2023-05-06 08:14:10
MEV, i.e. Maximum Extractable Value (maximum extractable value) is a concept used in the world of traders, which refers to how much profit can be extracted in total from arranging the order of transactions within a block, or from the resulting arbitrage opportunities. The vast majority of such opportunities are available on Uniswap and similar decentralized exchanges (DEX).
Even on a traditional stock exchange, the sequence of transactions plays a decisive role in determining the price: just think of quant traders, who put a lot of emphasis on placing their servers geographically close to the stock exchange, thus increasing the chance of submitting their orders faster than their competitors . The problem is also very well known on the Ethereum blockchain, since anyone who has traded with high-volume pairs on Uniswap knows exactly that in addition to technical analysis, trading bots and other factors that manipulate trading must also be dealt with. Basically MEVs four types are distinguished.
1. Internal MEV
The essence of the internal MEV is that it does not try to manipulate the transactions of an entire blockchain, but only the transactions of a specific application. It’s a classic example atomic arbitrázs his tactic, which when he sees a price difference between two exchanges, he places a buy order on one trading platform and a sell order of the same amount on another trading platform, and the goal is to make a profit between the two.
2. CeFi-DeFi MEV
CeFi (centralized financial applications, e.g. Binance, Nexo) vs. DeFi (decentralized financial applications, e.g. Uniswap, GMX) MEV also uses a form of arbitrage that exploits the differences between centralized exchanges and decentralized financial applications. The price of an asset usually updates faster on centralized exchanges than on-chain pools and decentralized exchanges can track price movements, so bots can quickly trade the difference.
3. Interchain MEV
Interchain MEV takes advantage of the property of blockchains that most blockchains work separately from the others, i.e. by default they do not see what is happening on other blockchains. For example, the Bitcoin network is not built to monitor transactions on the Ethereum blockchain, but at the same time BTC running on the Bitcoin chain and wBTC transactions registered on the Ethereum chain affect each other.

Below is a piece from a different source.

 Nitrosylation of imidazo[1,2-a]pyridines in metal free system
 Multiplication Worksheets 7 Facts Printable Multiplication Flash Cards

Interchain MEV is a good option for traders who use their speed to adjust the price between blockchains. If, for example, an ETH changes hands for $1,950 on the Ethereum chain, but the exchange rate on the Binance Smart Chain is 1,930, then someone will immediately jump on it and perform the arbitrage either through a bridge between the two blockchains or using decentralized exchanges .
4. Sovereign MEV
Communities on different blockchains may attempt to set up their own protocols to regulate MEVs. This might include, for example, banning certain MEV tactics or punishing validators who violate etiquette. Especially in the world of Ethereum, there is a lively discourse regarding the importance of this.
MEV is inevitable
Even the founder of Ethereum, Vitalik Buterin, admitted that the phenomenon of MEV will always exist on Ethereum. Validators can always select transactions offering higher gas fees – even if these transactions were obviously submitted to “pull down” a transaction submitted with a lower gas fee. The development of Sovereign MEV practices might provide an opportunity to curb market weaknesses and the exploitation of other users, but this is not necessarily in everyone’s interest.